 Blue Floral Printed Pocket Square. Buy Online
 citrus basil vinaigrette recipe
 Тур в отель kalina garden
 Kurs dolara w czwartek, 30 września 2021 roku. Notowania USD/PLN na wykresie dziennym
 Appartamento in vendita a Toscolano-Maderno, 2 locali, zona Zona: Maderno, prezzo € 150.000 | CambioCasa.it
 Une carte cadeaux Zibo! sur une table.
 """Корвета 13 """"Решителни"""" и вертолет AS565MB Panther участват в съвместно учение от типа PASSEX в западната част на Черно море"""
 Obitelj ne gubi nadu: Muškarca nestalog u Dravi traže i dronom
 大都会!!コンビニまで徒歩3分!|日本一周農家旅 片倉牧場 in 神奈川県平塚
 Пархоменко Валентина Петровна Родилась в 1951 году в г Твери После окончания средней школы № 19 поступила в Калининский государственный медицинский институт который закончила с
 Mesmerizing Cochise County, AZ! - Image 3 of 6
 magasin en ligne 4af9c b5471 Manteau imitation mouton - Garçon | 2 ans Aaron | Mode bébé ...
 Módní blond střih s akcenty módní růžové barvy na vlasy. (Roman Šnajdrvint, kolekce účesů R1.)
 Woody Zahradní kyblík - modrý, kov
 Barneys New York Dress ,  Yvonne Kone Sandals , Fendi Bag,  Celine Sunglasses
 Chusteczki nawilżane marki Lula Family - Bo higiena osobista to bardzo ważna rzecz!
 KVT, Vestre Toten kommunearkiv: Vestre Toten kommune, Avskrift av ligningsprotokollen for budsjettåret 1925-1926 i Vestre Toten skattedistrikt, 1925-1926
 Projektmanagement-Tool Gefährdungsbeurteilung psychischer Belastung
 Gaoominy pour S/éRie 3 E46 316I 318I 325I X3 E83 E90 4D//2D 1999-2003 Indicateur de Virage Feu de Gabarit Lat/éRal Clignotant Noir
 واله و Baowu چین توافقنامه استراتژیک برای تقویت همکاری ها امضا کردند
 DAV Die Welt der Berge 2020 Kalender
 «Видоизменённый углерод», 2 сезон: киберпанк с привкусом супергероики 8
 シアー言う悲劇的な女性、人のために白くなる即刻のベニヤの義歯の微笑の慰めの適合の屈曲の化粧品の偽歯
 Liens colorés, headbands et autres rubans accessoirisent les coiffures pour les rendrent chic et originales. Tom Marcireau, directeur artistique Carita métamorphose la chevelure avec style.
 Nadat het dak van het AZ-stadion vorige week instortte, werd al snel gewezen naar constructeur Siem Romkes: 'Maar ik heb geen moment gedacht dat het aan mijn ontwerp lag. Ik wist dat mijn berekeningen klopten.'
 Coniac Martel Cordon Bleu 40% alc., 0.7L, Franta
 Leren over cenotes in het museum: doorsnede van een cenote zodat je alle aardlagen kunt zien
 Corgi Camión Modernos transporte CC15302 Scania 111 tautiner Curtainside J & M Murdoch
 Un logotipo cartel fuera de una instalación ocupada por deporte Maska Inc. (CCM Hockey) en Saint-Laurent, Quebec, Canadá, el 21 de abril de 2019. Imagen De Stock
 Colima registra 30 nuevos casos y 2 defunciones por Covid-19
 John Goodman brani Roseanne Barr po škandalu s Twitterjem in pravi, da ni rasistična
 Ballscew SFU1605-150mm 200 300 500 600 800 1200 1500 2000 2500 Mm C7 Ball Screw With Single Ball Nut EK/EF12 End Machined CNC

○ ○ ○ ○ ○

• _What you will do_:
Each line containing "pour" belongs in the answer; pick these out of the material and copy them.

• _Response area_:
 Gaoominy pour S/éRie 3 E46 316I 318I 325I X3 E83 E90 4D//2D 1999-2003 Indicateur de Virage Feu de Gabarit Lat/éRal Clignotant Noir
 Liens colorés, headbands et autres rubans accessoirisent les coiffures pour les rendrent chic et originales. Tom Marcireau, directeur artistique Carita métamorphose la chevelure avec style.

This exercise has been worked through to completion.